From the records below, please print only the lines from the one containing "Juni 15th. Tag" through the one containing "Peer Gynt /", both included. Skip the pictures.

Task material:
____

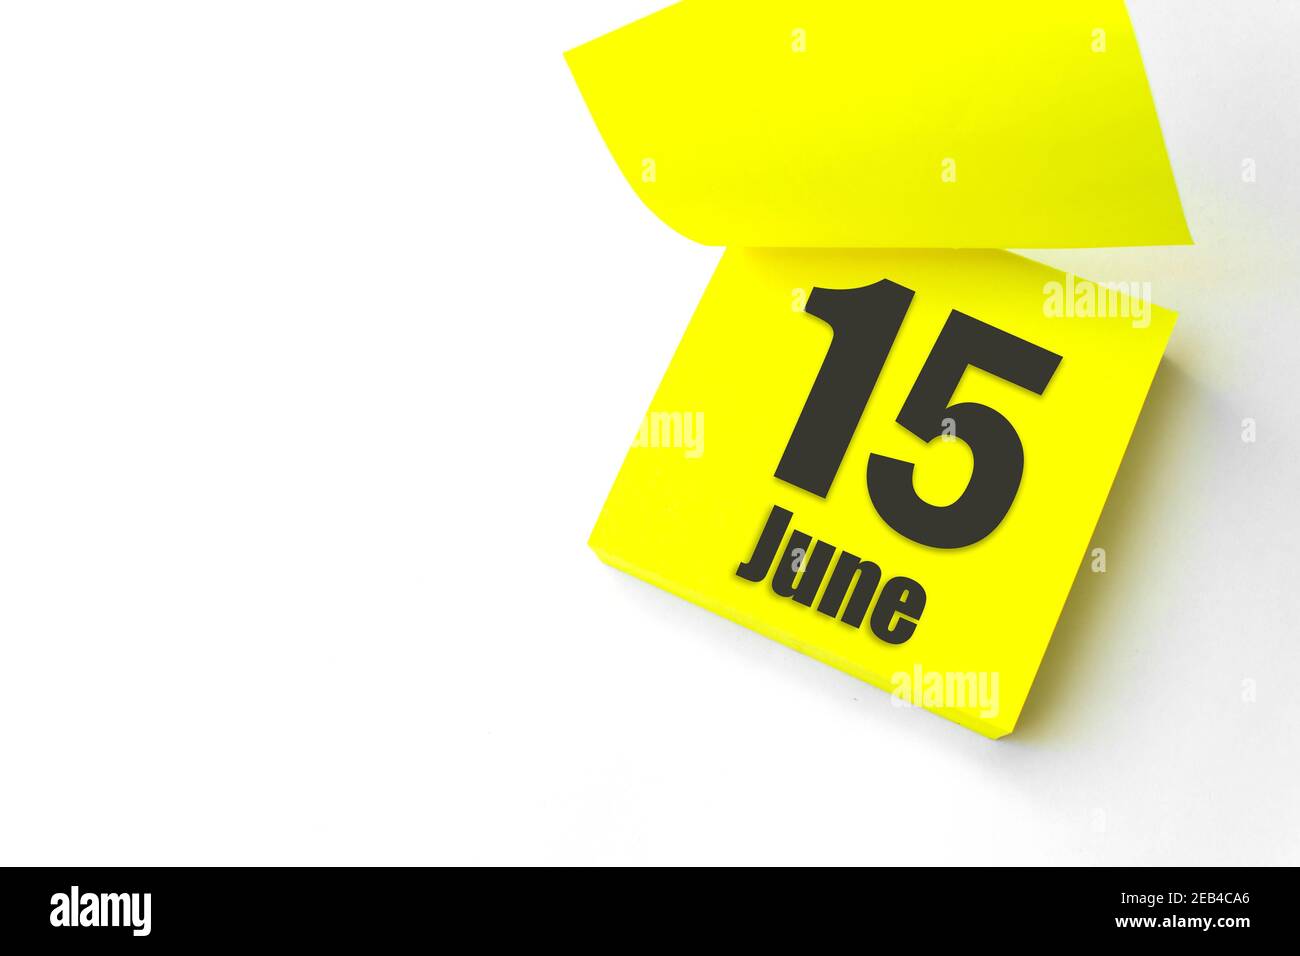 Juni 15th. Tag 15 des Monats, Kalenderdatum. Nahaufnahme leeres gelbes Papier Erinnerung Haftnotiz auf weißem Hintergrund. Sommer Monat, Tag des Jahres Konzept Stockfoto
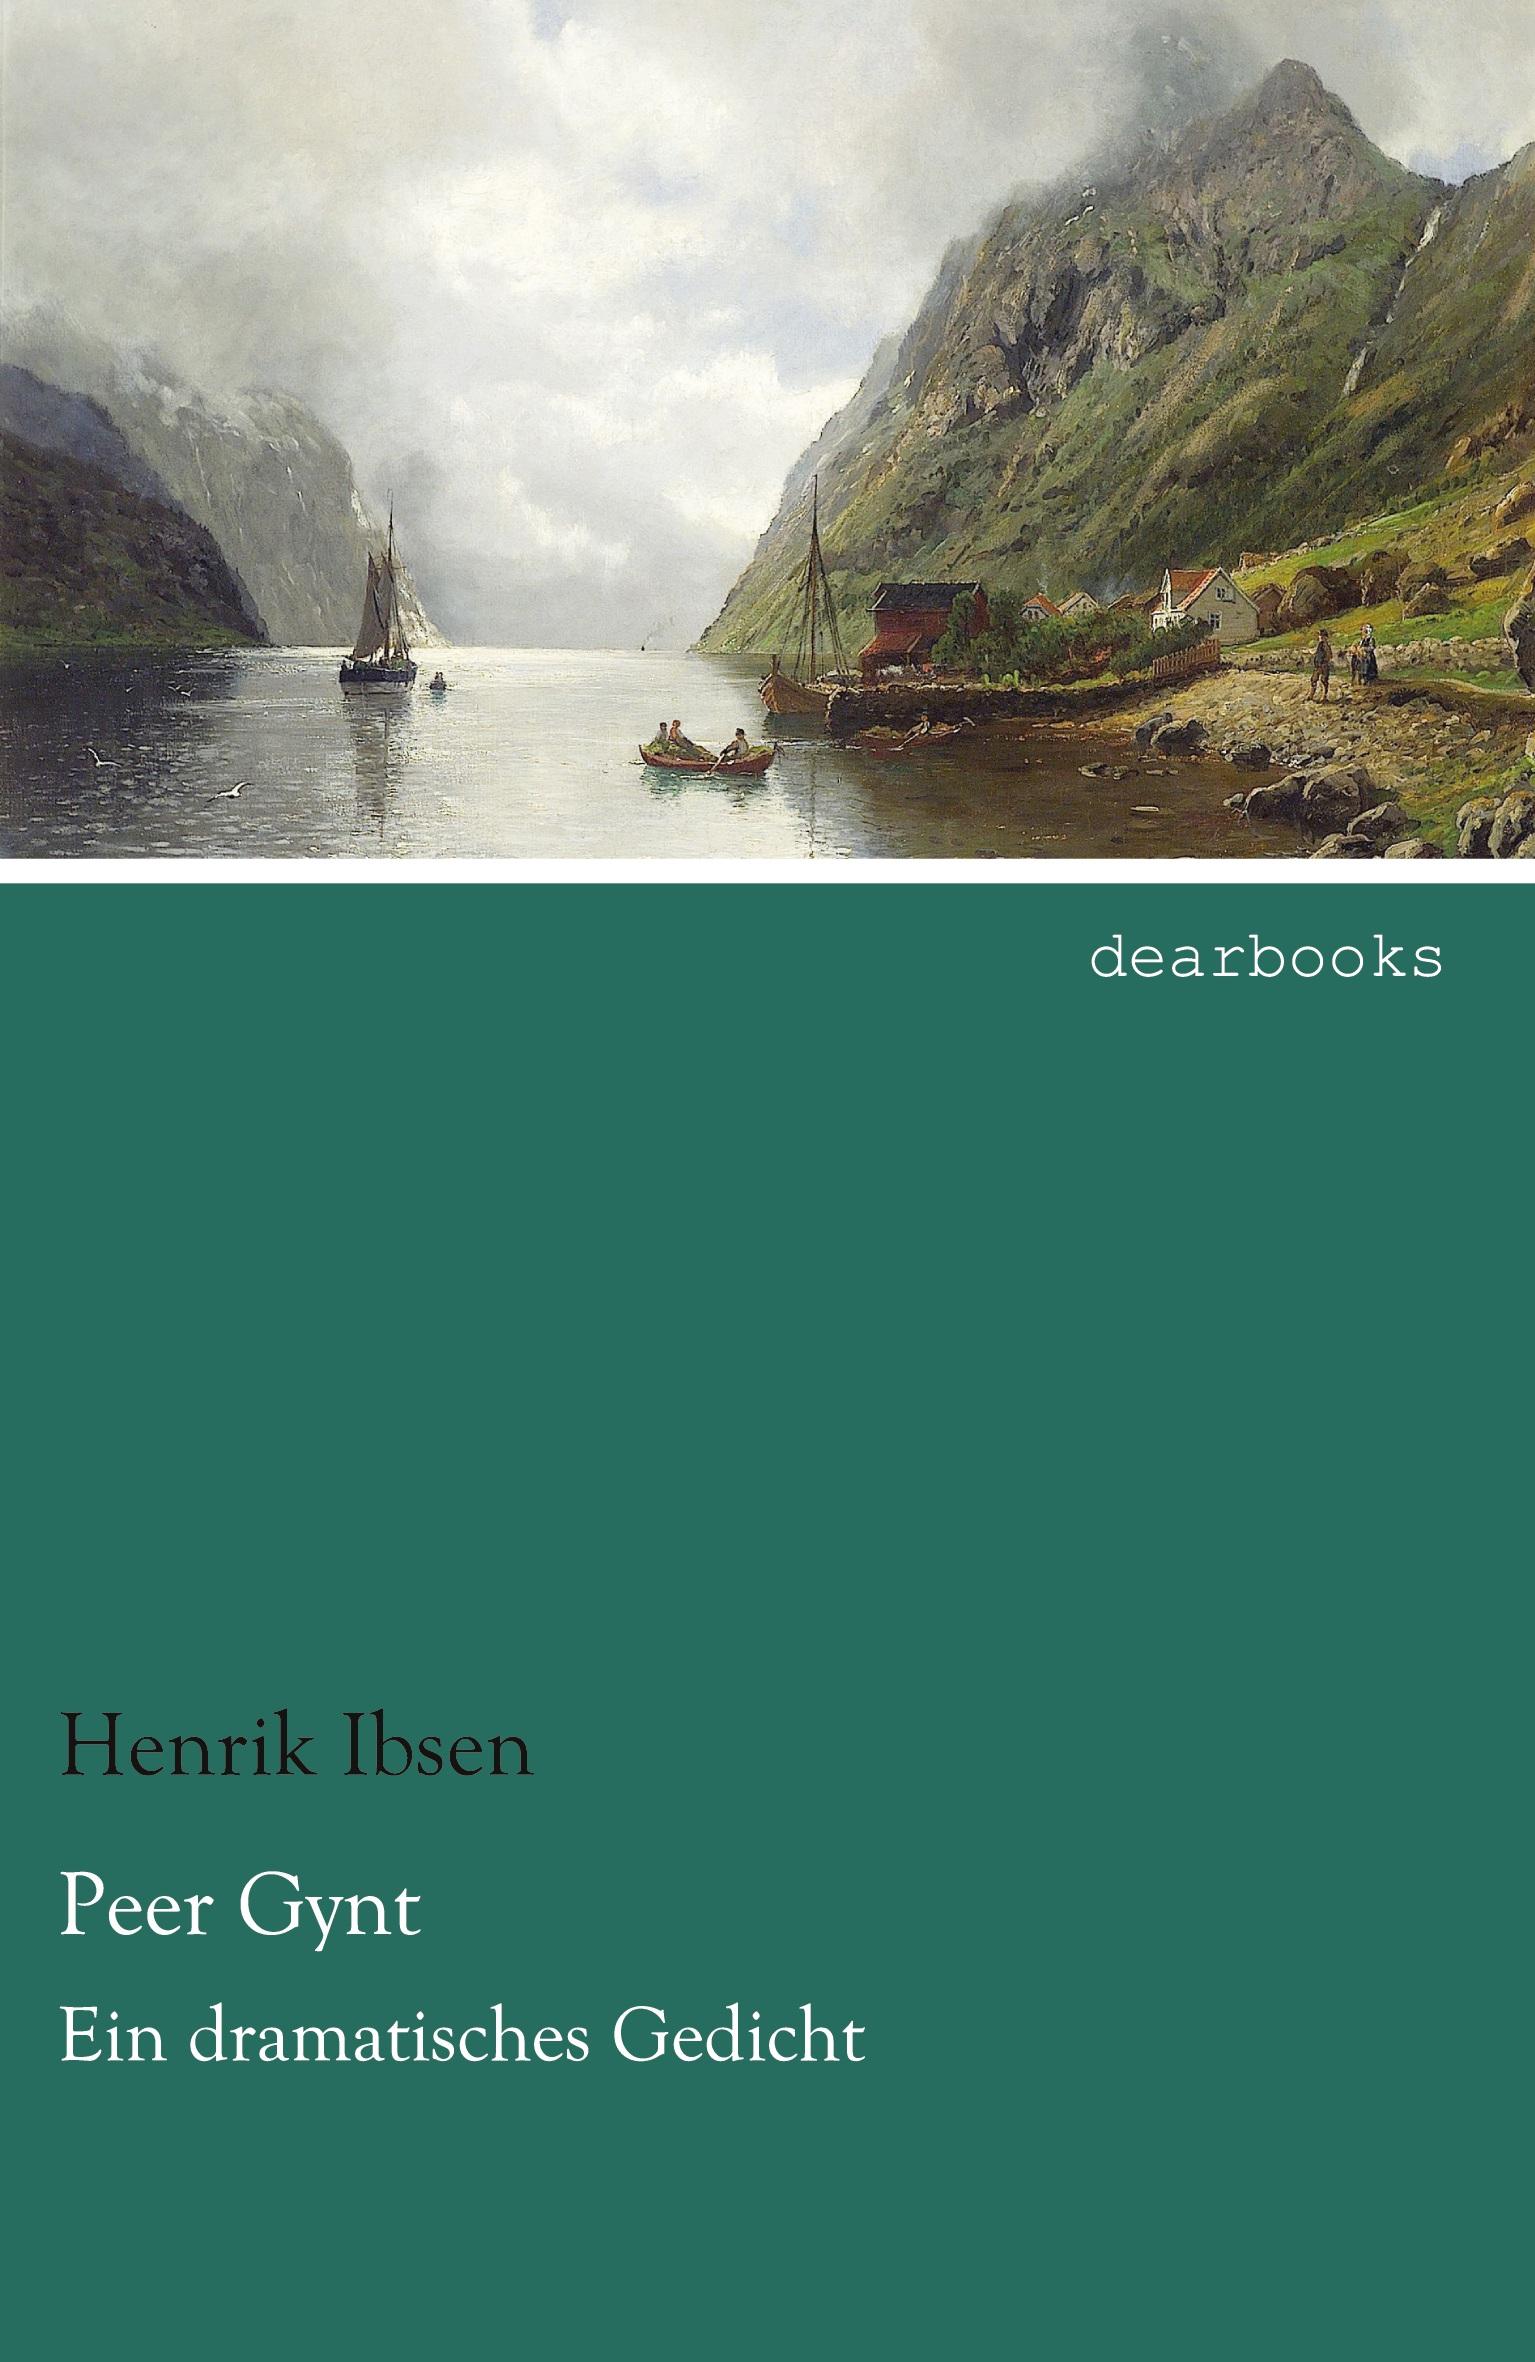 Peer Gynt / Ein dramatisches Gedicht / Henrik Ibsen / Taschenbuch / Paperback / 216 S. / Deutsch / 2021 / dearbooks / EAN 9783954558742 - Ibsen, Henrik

____

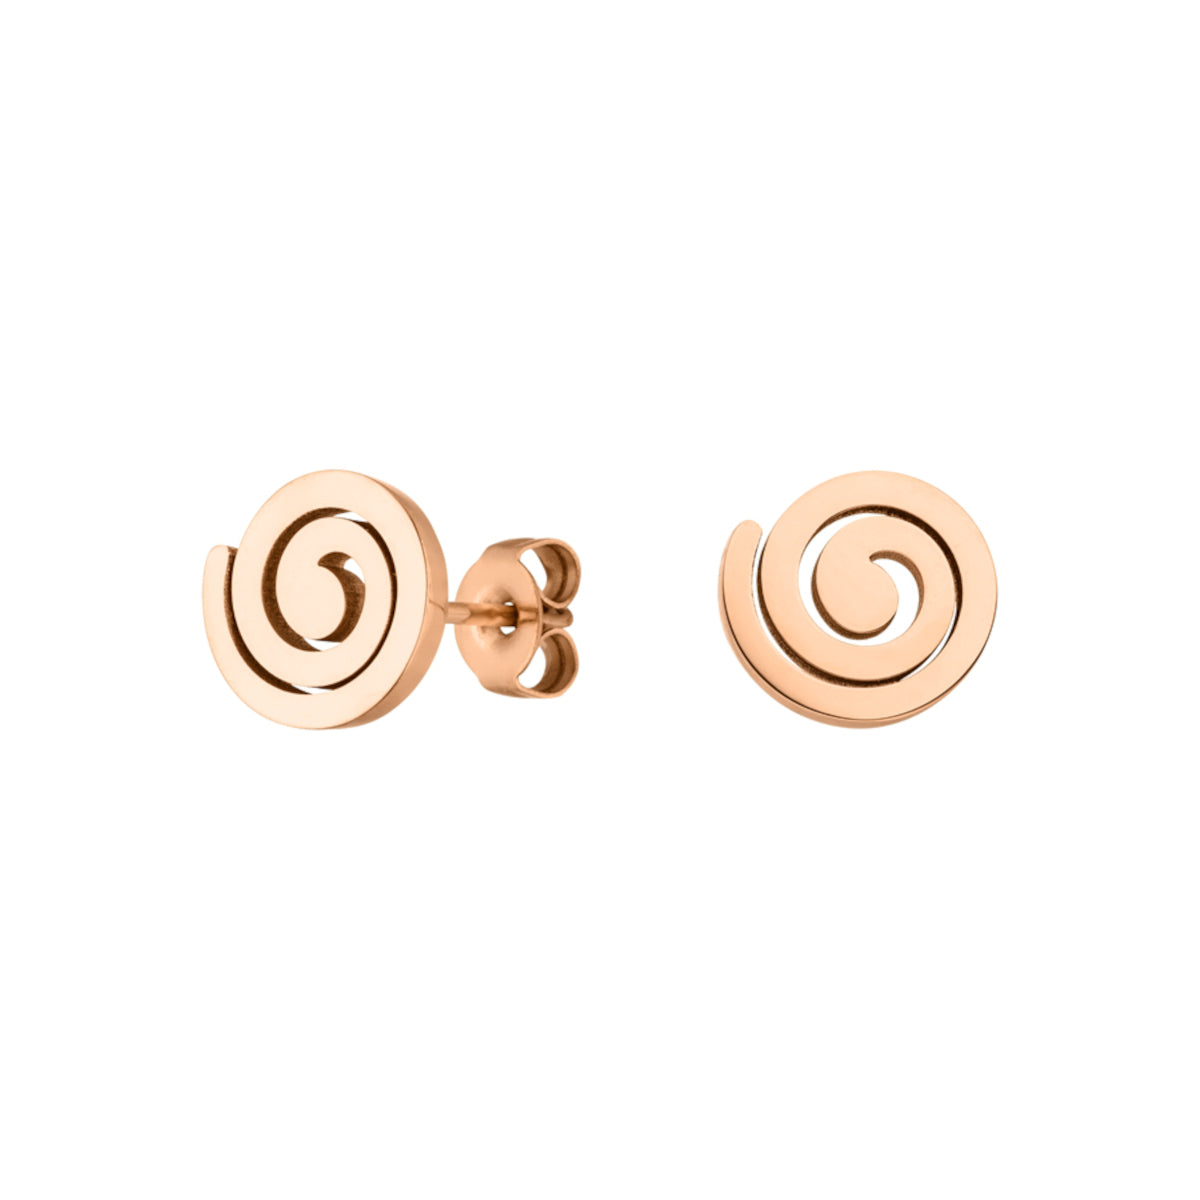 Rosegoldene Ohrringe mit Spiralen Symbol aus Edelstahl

____

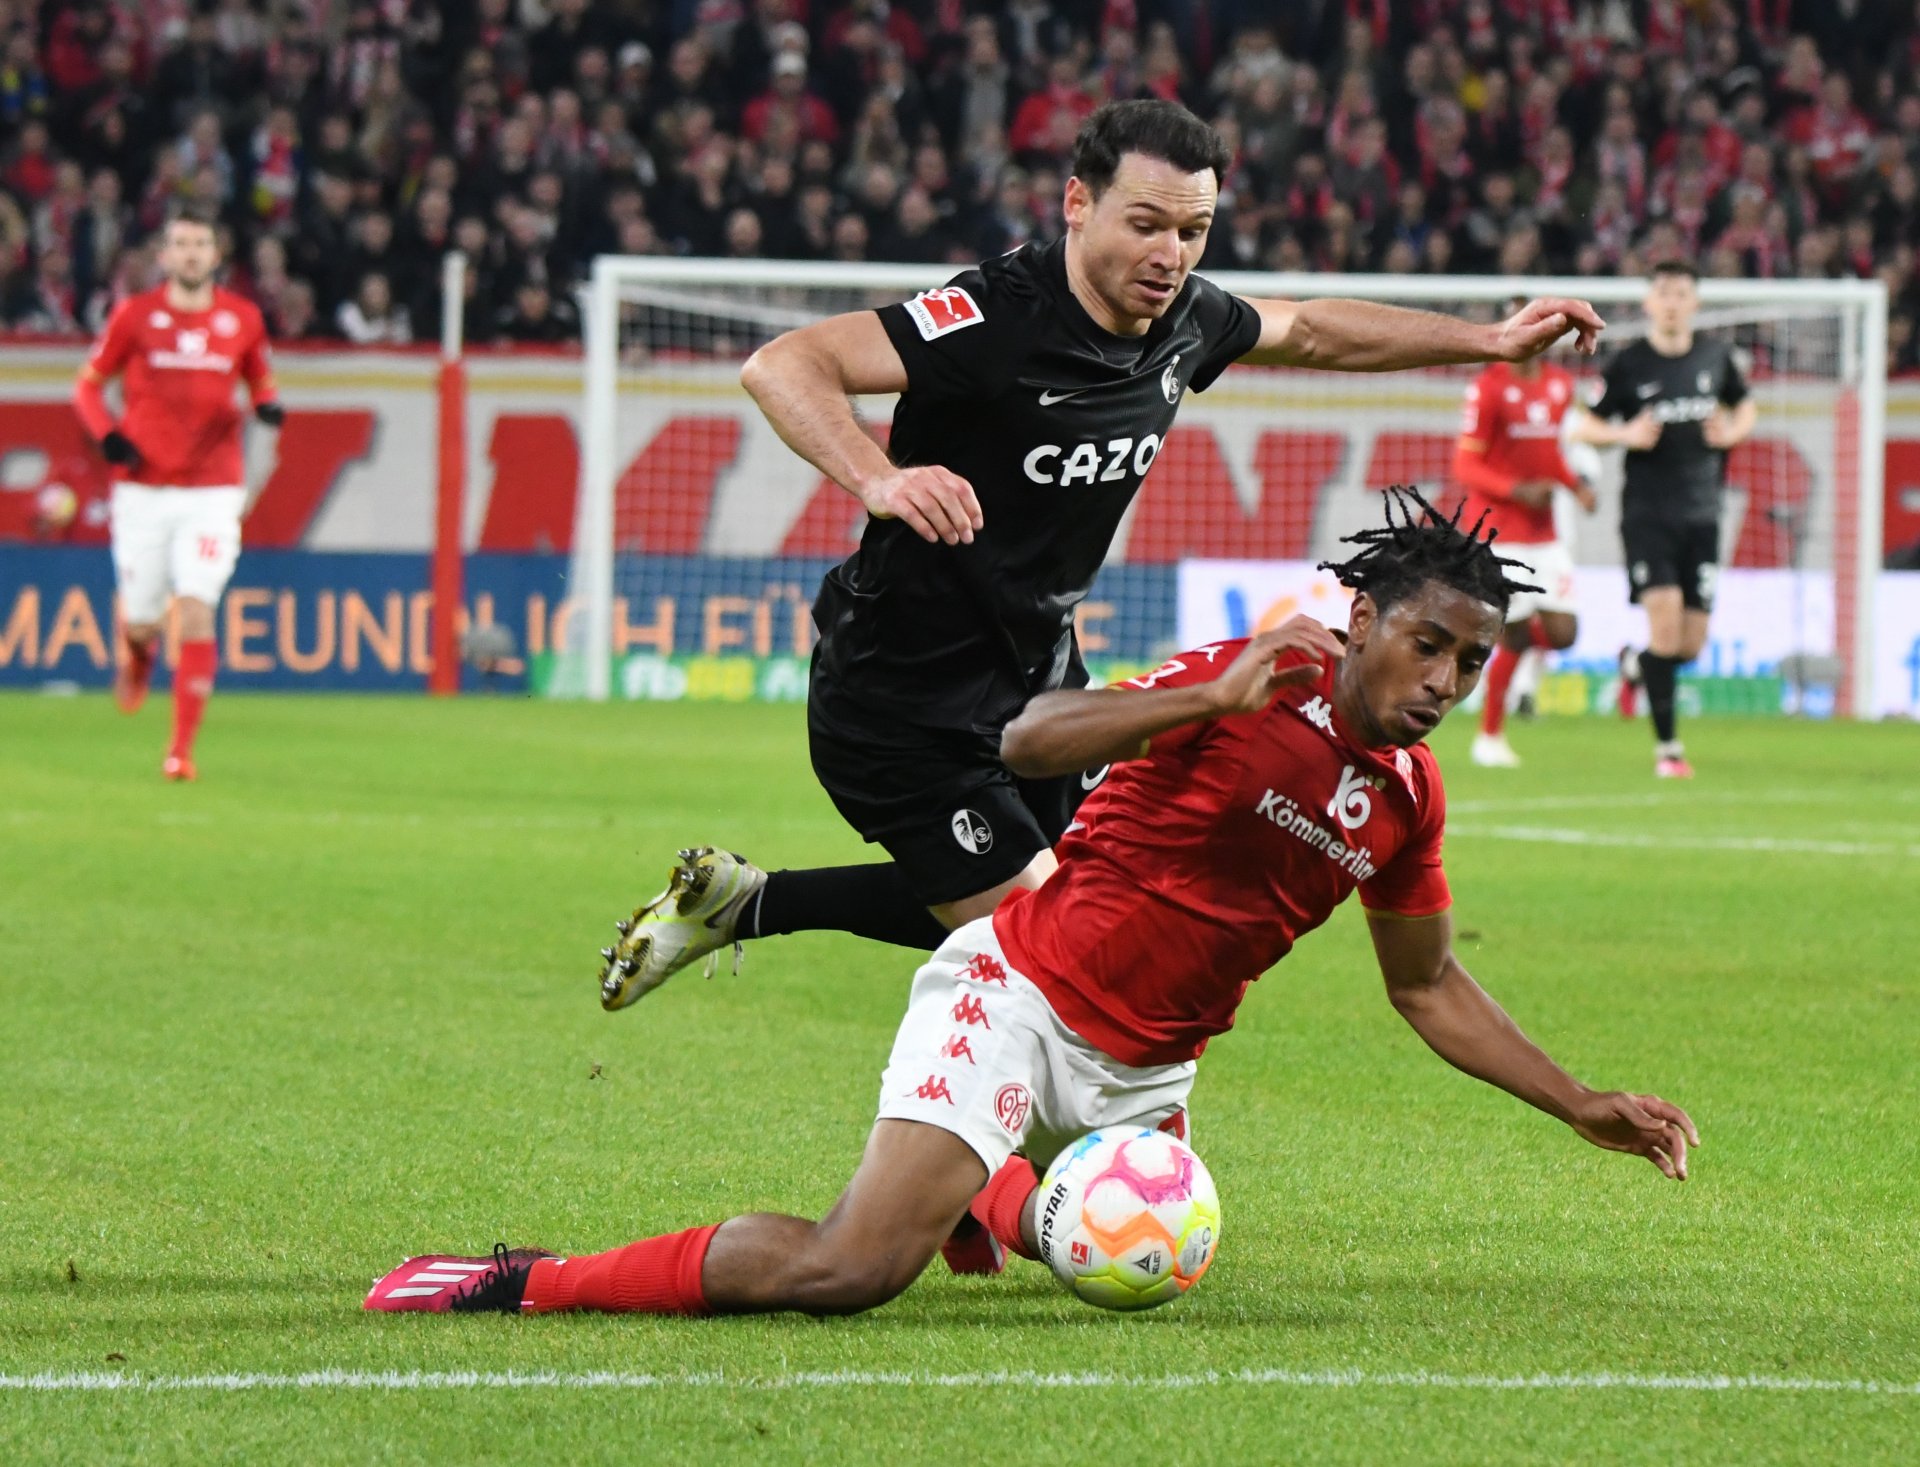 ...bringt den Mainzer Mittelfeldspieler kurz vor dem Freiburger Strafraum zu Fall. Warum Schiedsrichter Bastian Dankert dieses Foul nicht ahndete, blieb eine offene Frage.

____

Your solution:
 Juni 15th. Tag 15 des Monats, Kalenderdatum. Nahaufnahme leeres gelbes Papier Erinnerung Haftnotiz auf weißem Hintergrund. Sommer Monat, Tag des Jahres Konzept Stockfoto
 Peer Gynt / Ein dramatisches Gedicht / Henrik Ibsen / Taschenbuch / Paperback / 216 S. / Deutsch / 2021 / dearbooks / EAN 9783954558742 - Ibsen, Henrik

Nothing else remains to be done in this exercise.